Ufff, last attempt to understand that silly WCF.
What I did now is:
create client that starts 20 threads, every thread sends requests to service in a loop. Performance counter on server claims that only 2 instances of service object are created all the time. Average request time is about 40seconds (I start measuring before proxy call and finish after call returns).
modify that client to start 5 threads and launch 4 instances of that client (to simulate 20 threads behaviour from previous example). Performance monitor shows that 8 instances of service object are created all the time. Average request time is 20seconds.
Could somebody tell me what is going on?

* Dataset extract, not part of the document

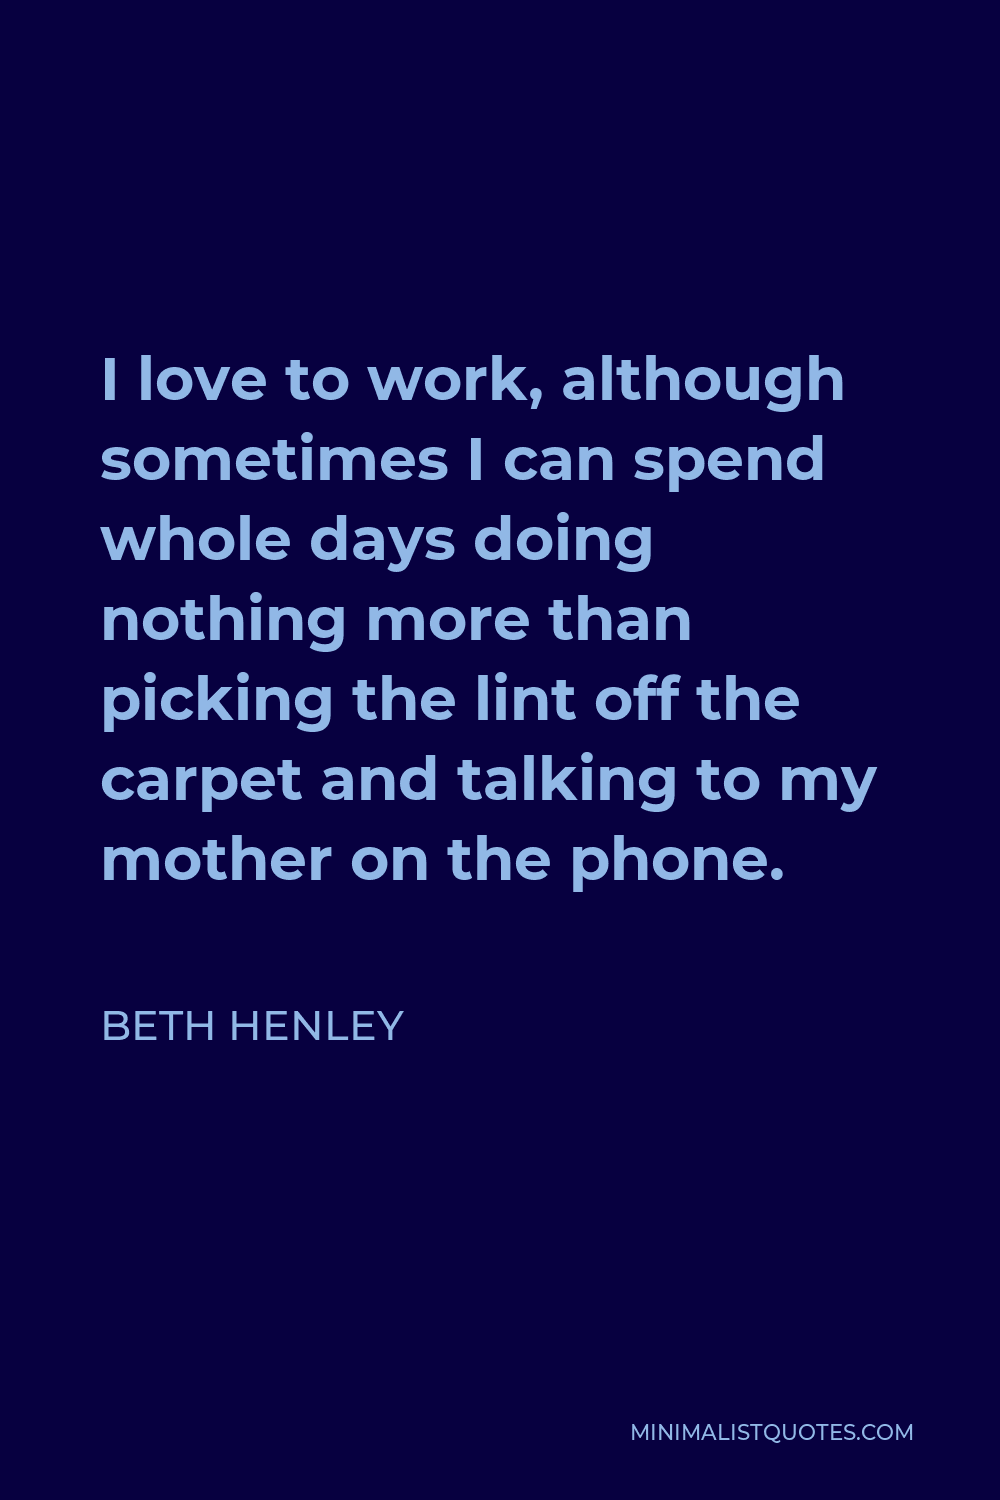 Beth Henley Quote - I love to work, although sometimes I can spend whole days doing nothing more than picking the lint off the carpet and talking to my mother on the phone.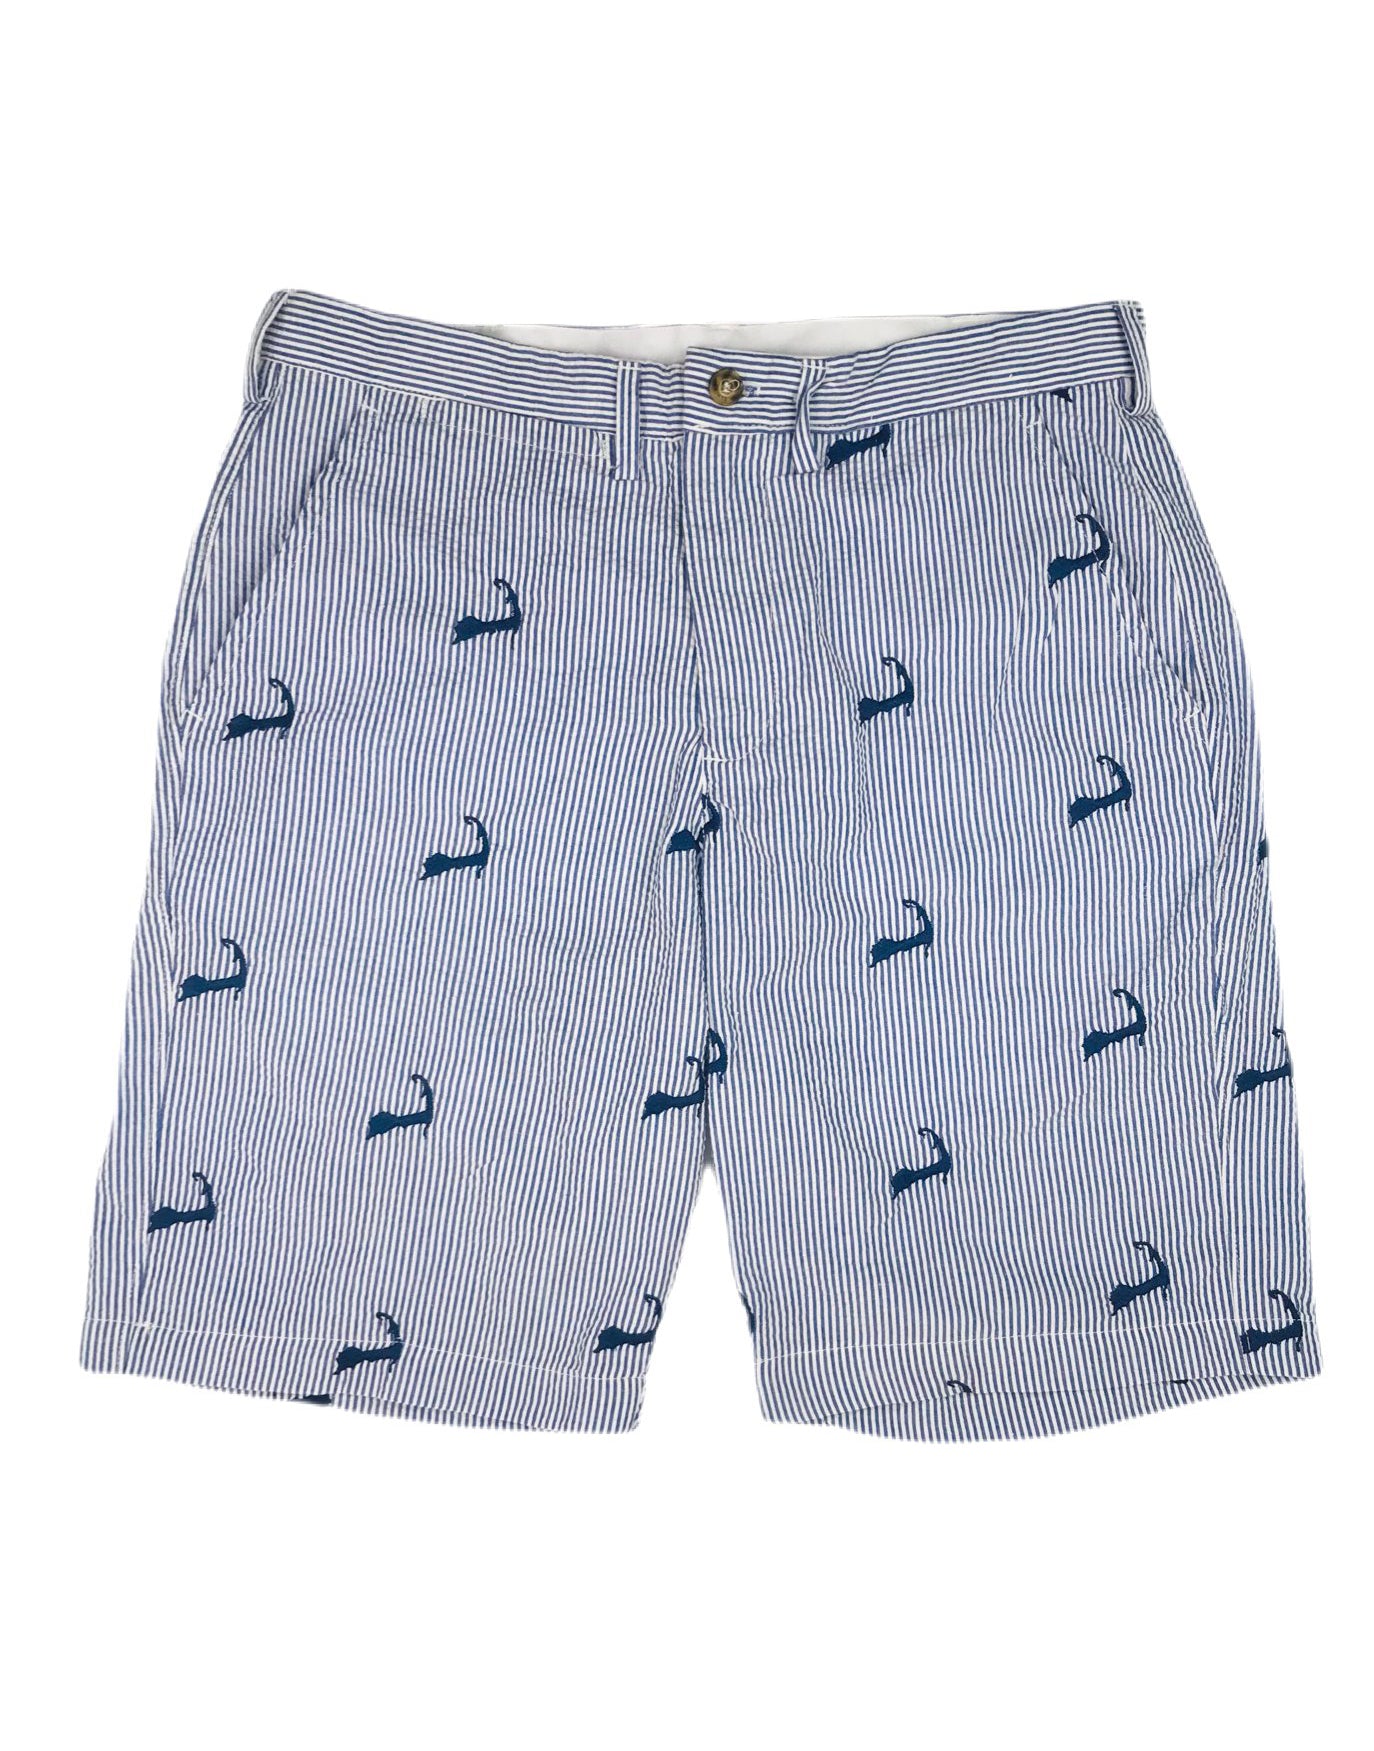 Blue Mens Embroidered Seersucker Shorts with Navy Embroidered Cape Cods

I thought that there is a problem with server that it doesn't want to handle more requests at concurently, but apparently it is client that causes a stir and don't want to send more requests concurently... Maybe there is some kind of configuration option that limits client from sending more then two requests at one time... (buffer,throttling etc...)
Channel factory is created in every thread.

You might want to refer to this article and make adjustment to your WCF configuration (specifically maxConnections) to get the number of connections you want.
Consider using something like http://www.codeplex.com/WCFLoadTest to hit the service.
Also, perfmon will only get you so far. If you want to debug WCF service you should look at the SvcTraceViewer and SvcConfigEditor in the Windows SDK.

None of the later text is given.